Start of Data section
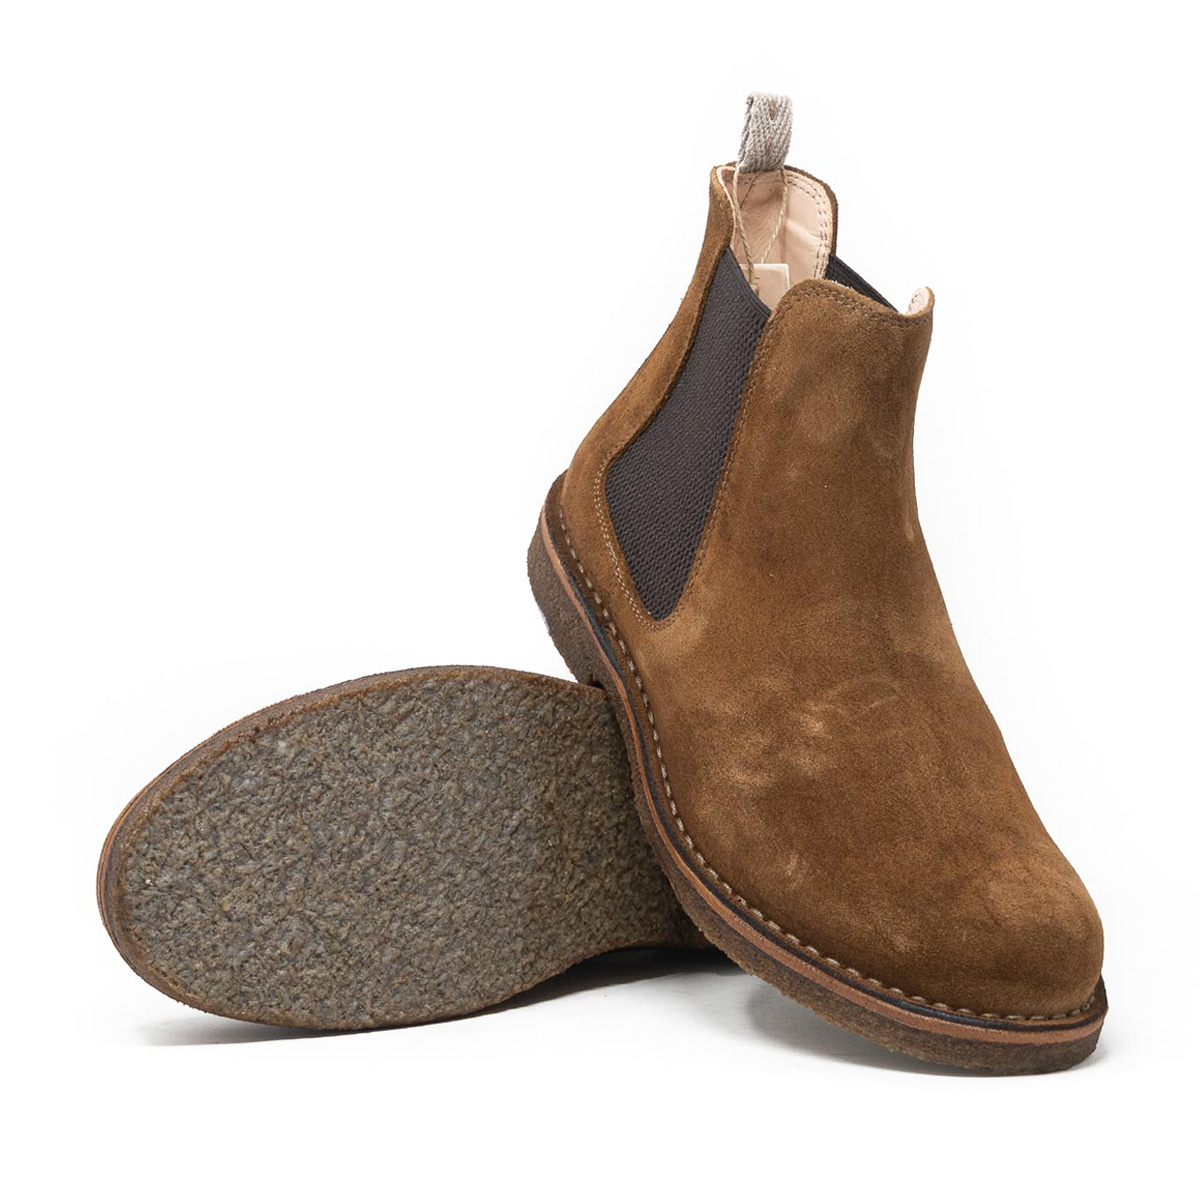 Astorflex Bitflex Chelsea Boot Dark Khaki, a timeless classic and a must-have for modern shoe enthusiasts
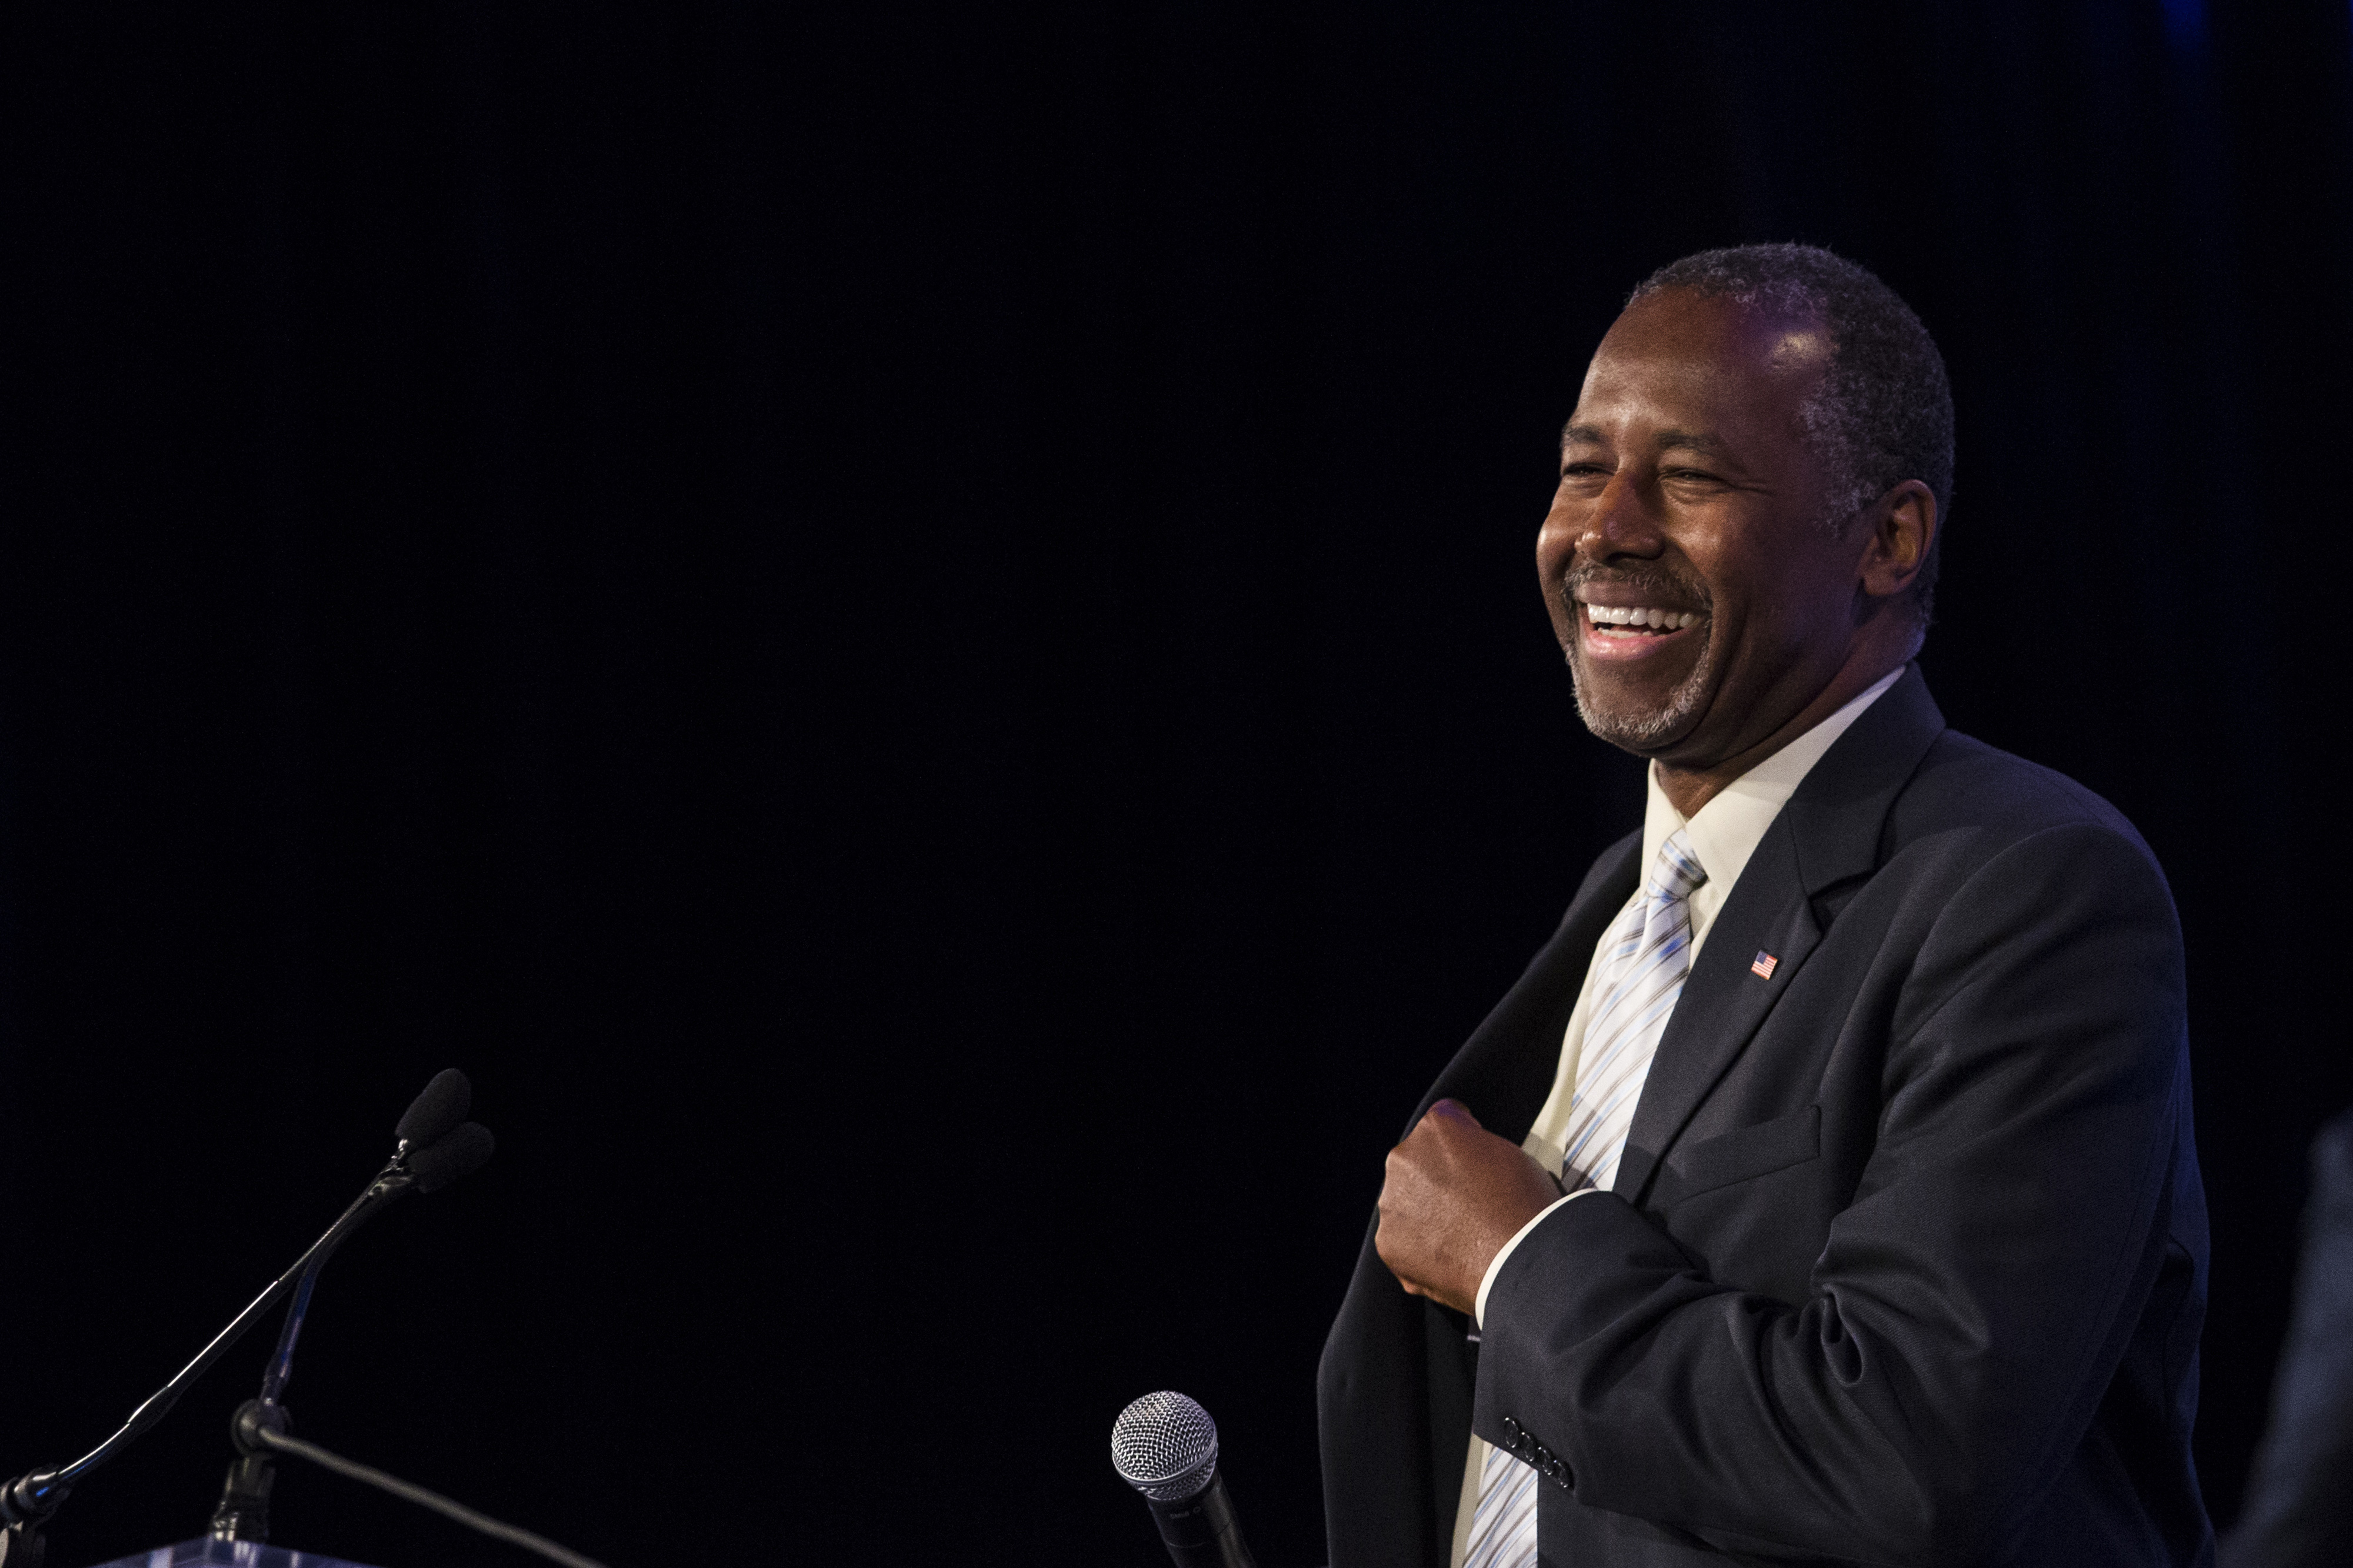 Ben Carson, 2016 Republican presidential candidate, smiles while arriving onstage to speak during the Values Voter Summit on Sept. 25, 2015 in Washington, D.C. (Bloomberg via Getty Images)
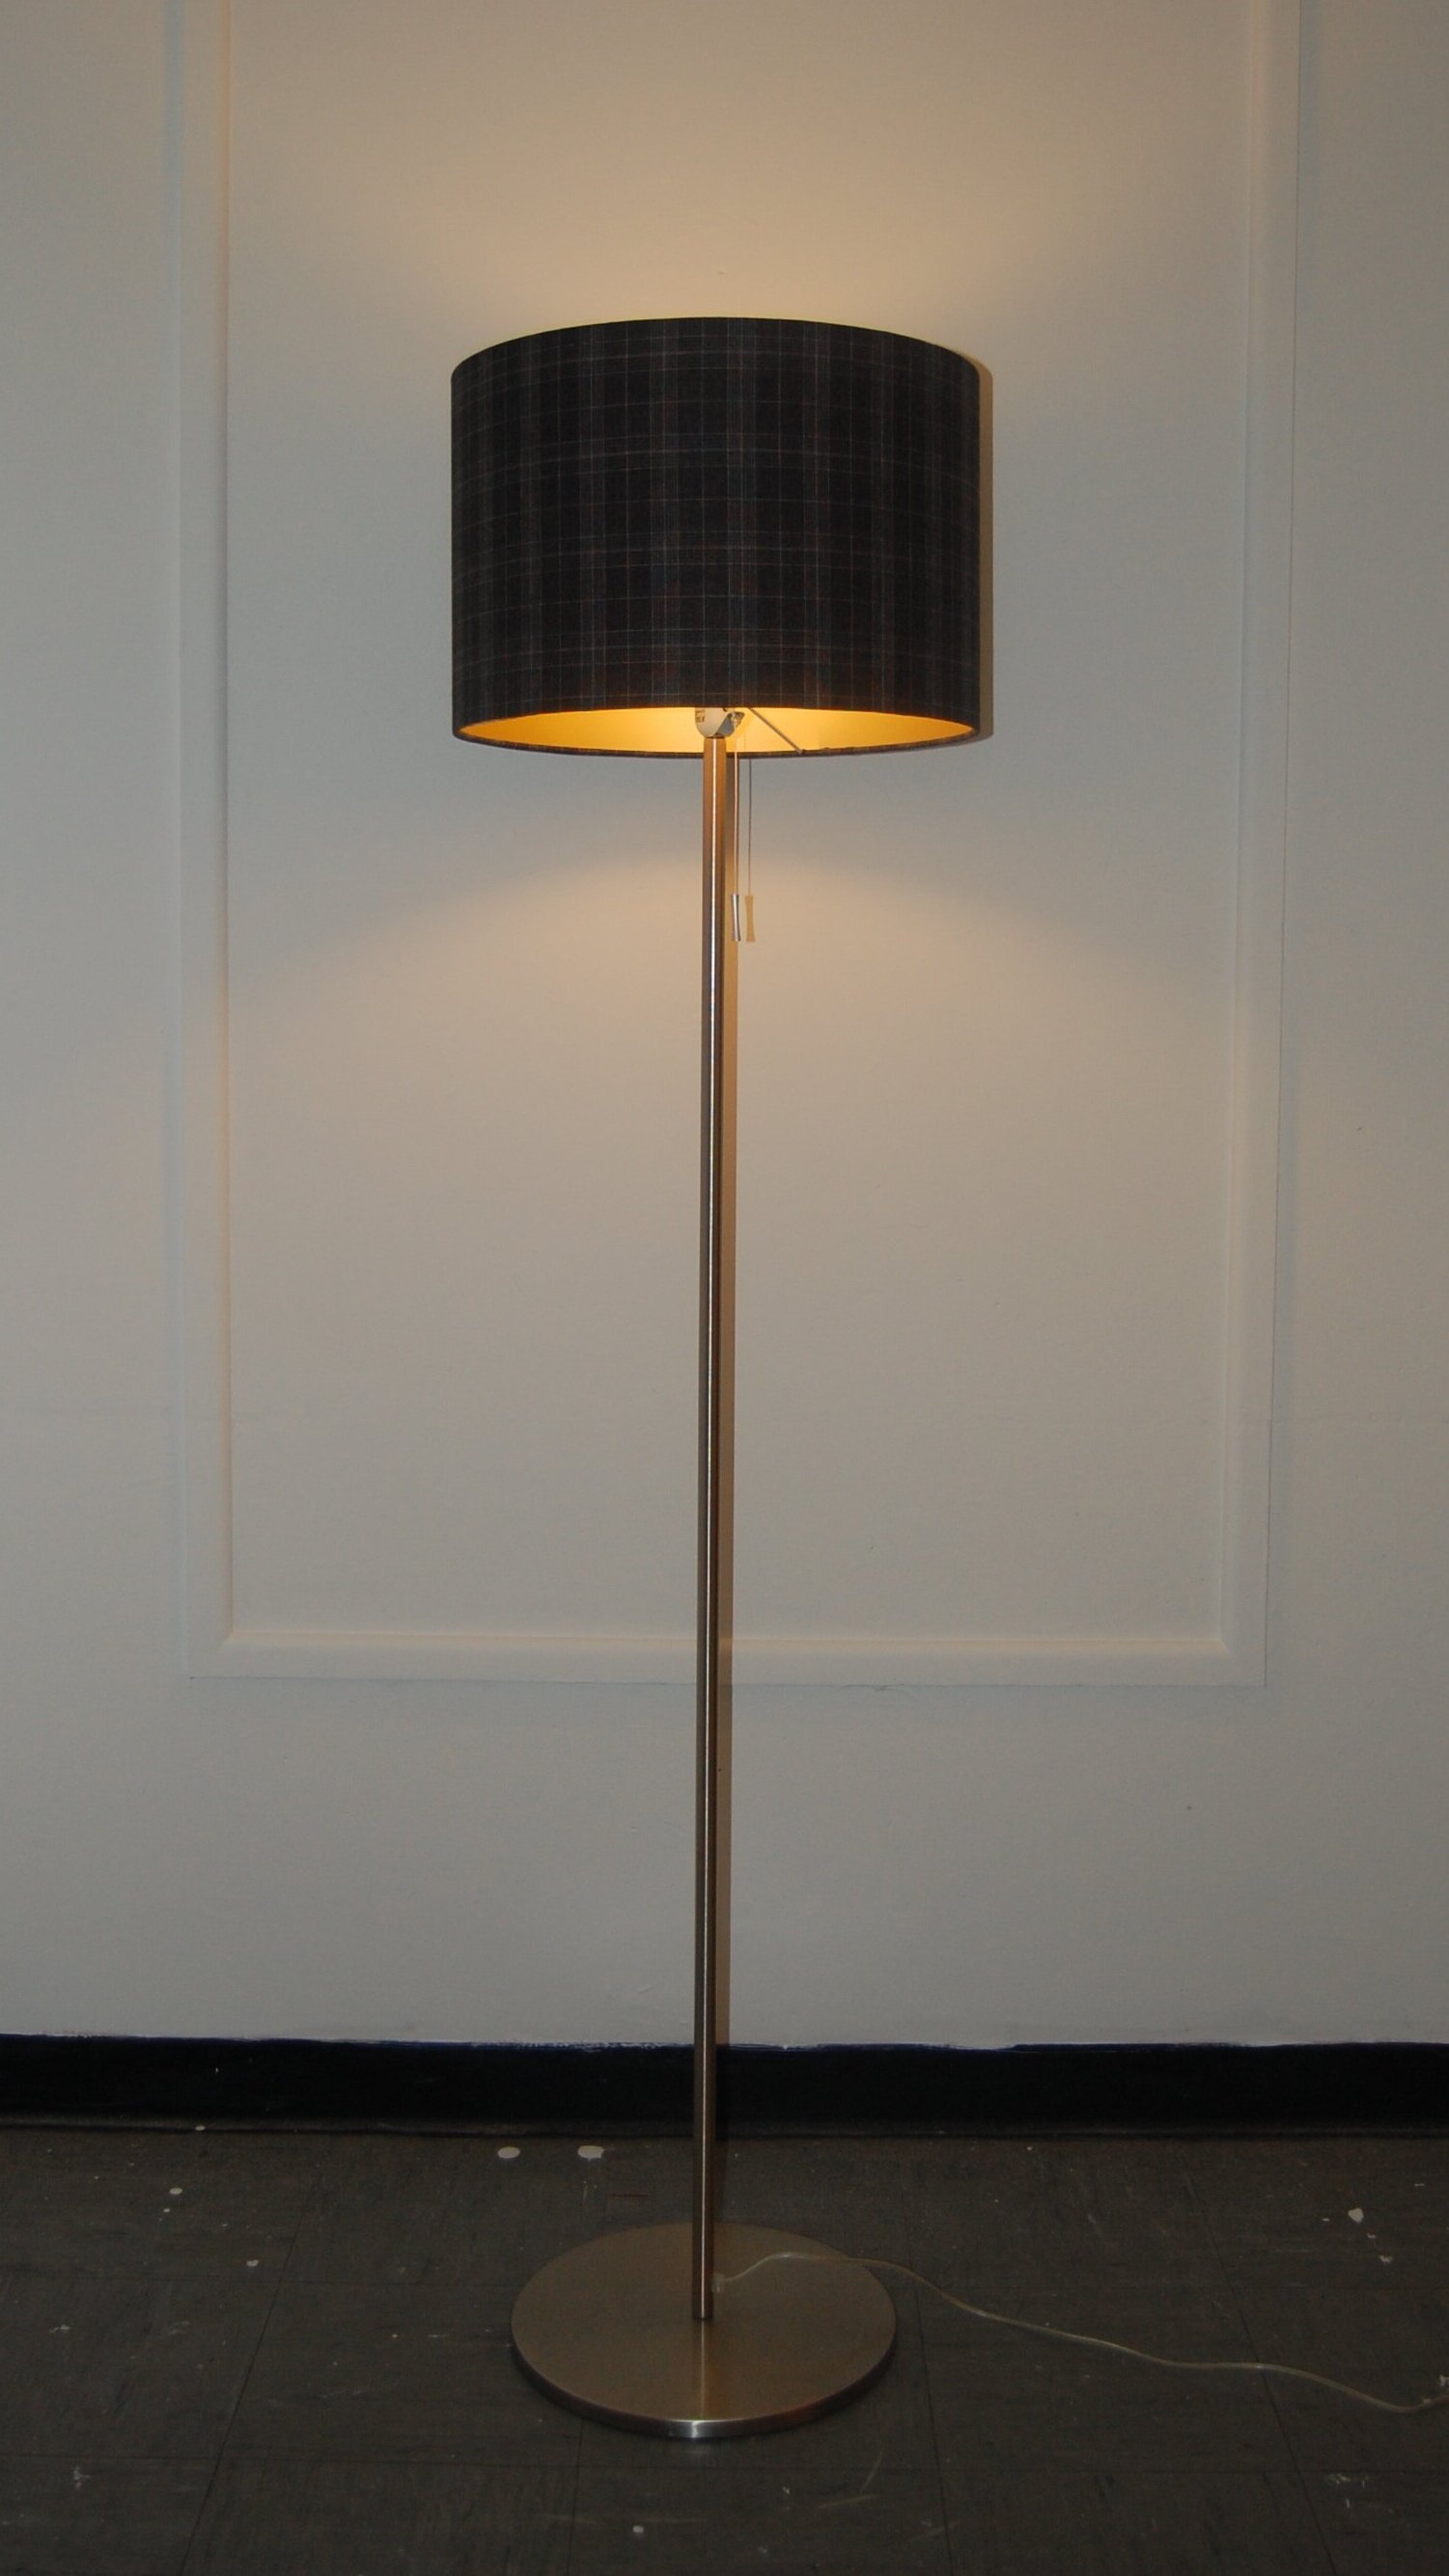 Bespoke Floor Lamp Shades And Standard, Extra Large Lamp Shades For Floor Lamps Uk
End of Data section
Leave out any pictures and return exactly the lines from the beginning of the data through the line with "Ben Carson, 2016", inclusive.

▶ [Answer area]:
 Astorflex Bitflex Chelsea Boot Dark Khaki, a timeless classic and a must-have for modern shoe enthusiasts
 Ben Carson, 2016 Republican presidential candidate, smiles while arriving onstage to speak during the Values Voter Summit on Sept. 25, 2015 in Washington, D.C. (Bloomberg via Getty Images)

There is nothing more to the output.